Metadata frame[edit]
Offset | Size | Description |
---|---|---|
0x0 | 0x8 | u64 DLP-child titleID. Must be a CTR TID-high, with the TID-high set for DLP-child. The low 4-bits of the TID-low must be clear. |
0x8 | 0x2 | u16, probably the DLP-child title-version. |
0xA | 0x1 | u8, unknown. |
0xB | 0x1 | u8, unknown. |
0xC | 0x4 | u32, chunk_size. This is the chunk_size used for transferring the CIA. This is the exact size used for the FS .cia file-reads on the host, and the exact size used for AM CIA file-writes on the client(s). Normally this is 0x0003FFC0. This appears to be validated by the client at some point, using a large value for this triggers an "connection interrupted" error when trying to connect. |
0x10 | 0x2 | Unused by the DLP-client(sysmodule). |
0x12 | 0x2 | u16, unknown. |
0x14 | 0x4 | Unused by the DLP-client(sysmodule). |
0x18 | 0x10 | Unknown 0x10-byte structure. |
0x28 | 0x4 | u32, unknown. |
0x2C | 0x4 | u32, unknown. Must be <=0x02000000. |
0x30 | 0x80 (0x3F characters are copied) | UTF-16 Application name string. The last u16 is ignored, value 0x0 is always written to output for it instead. |
0xB0 | 0x100 (0x7F characters are copied) | UTF-16 Description string. The last u16 is ignored, value 0x0 is always written to output for it instead. |
0x1B0 | 0x138 | Array of 0x9C u16s for the start of the icon gfx. |
0x2E8 | 0x1 | u8, unknown. Written to outptr+2. |
0x2E9 | 0x1 | u8, unknown. Written to outptr+1. |
0x2EA | 0x1 | u8, unknown. Written to outptr+0. |
0x2EB | 0x1 | u8, unknown. Written to outptr+3. |
0x2EC | 0x1 | u8, unknown. Written to outptr+4. |
0x2ED | 0x1 | u8, unknown. Written to outptr+7. |
0x2EE | 0x1 | u8, unknown. Written to outptr+6. |
0x2EF | 0x1 | u8, unknown. Written to outptr+5. |
If the u16 at frameheader+0x6 is less than 0x101, the 8-bytes at outptr are cleared to all-zero, instead of copying the data from offset 0x2E8.
Icon gfx frame[edit]
Offset | Size | Description |
---|---|---|
0x0 | 0x598 | Array of 0x2CC u16s for the gfx data. |
Sysupdate titlelist frame[edit]
Offset | Size | Description |
---|---|---|
0x0 | 0x2 | u16 unk_x0, not used after the below check. |
0x2 | 0x2 | u16 total_entries, under this frame. |
0x4 | 0x2 | u16 out_entryindex, starts at 0x0. This is the output entryindex where this titlelist will be written, this is only non-zero starting with frameid 0x6, if it exists. |
0x6 | 0x2 | u16 unk_x6 |
0x8 | 0x5A0 (0x5A entries) | The actual titlelist, see below for the structure of each 0x10-byte entry. Unused entries are set to all-zero. |
The value from (unk_x0 + unk_x6) must be <=0x100. Normally unk_x0 and total_entries are set to the same value, with the two u16s after that set to 0x0(with frameid 0x4).
Entry structure:
Offset | Size | Description |
---|---|---|
0x0 | 0x8 | u64 titleID |
0x8 | 0x2 | u16 title_version |
0xA | 0x2 | Padding, not used. |
0xC | 0x4 | Title size |
When writing the entry to output, the titleID is ORRed with the data stored there. The rest of the data is stored with normal writes(padding is not written in the output 0x10-byte entry).

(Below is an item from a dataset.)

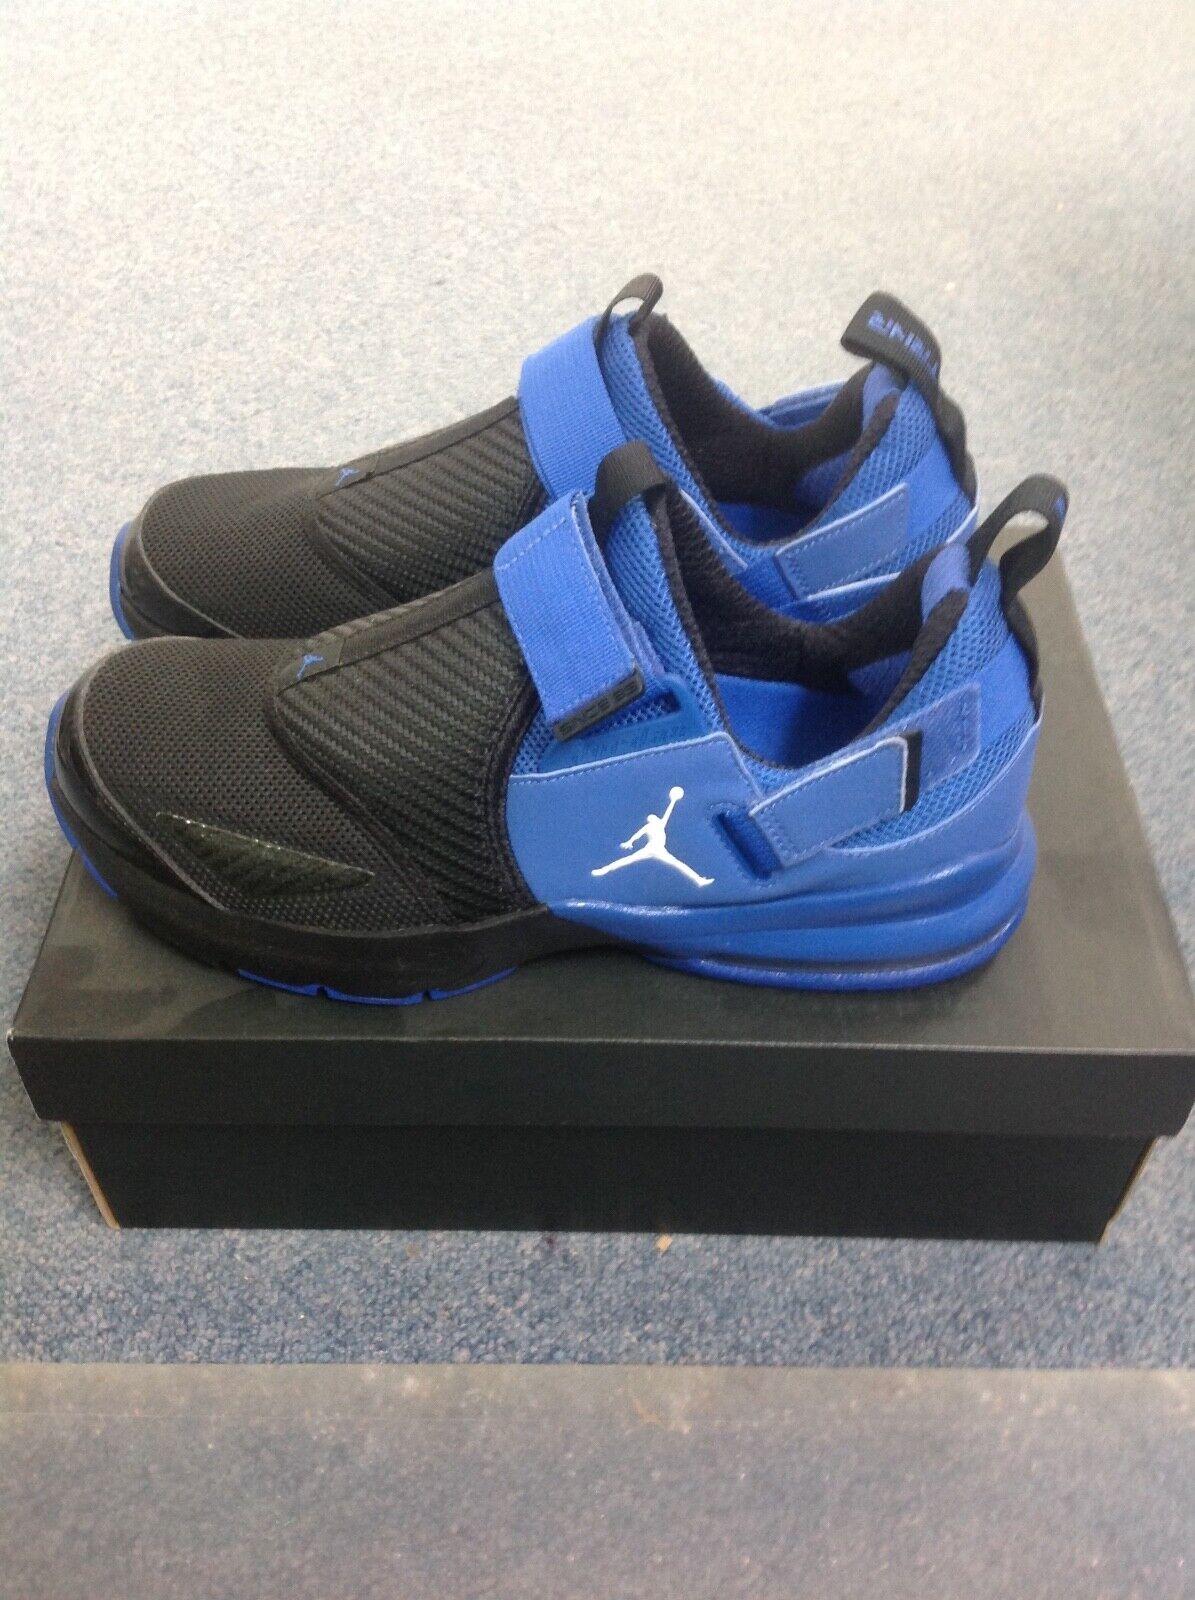 Jordanien 11 lx storlek 9.5 blå ny ny ny autentisk tspringaaaner Nike air  spara på clearance

Broadcasted application data[edit]
The Download Play protocol broadcasts 3DS application data in the CIA format. The title is installed to NAND, and is kept there until new CIA data from a different game is received through the Download Play protocol.
Remote Distribution of System-Updates[edit]
As part of the child distribution process, a 3DS acting as the server in a local Download Play session, can send system updates to another 3DS unit acting as the client, through first sending the system update package then instructing the client to install reboot and reinstantiate a connection (which it caches information about temporarily) remotely, if it finds system updates are necessary before distributing the child-application. ( eg. multiplayer game or a demo. ) Like "update" partitions on CTR Cards, this is not an "automatic feature" and not implemented for all Download Play titles. This system update data is from the application's system update CFA, prior to beginning the data transfer the host broadcasts data-frames which contain a title-list from the system update CFA.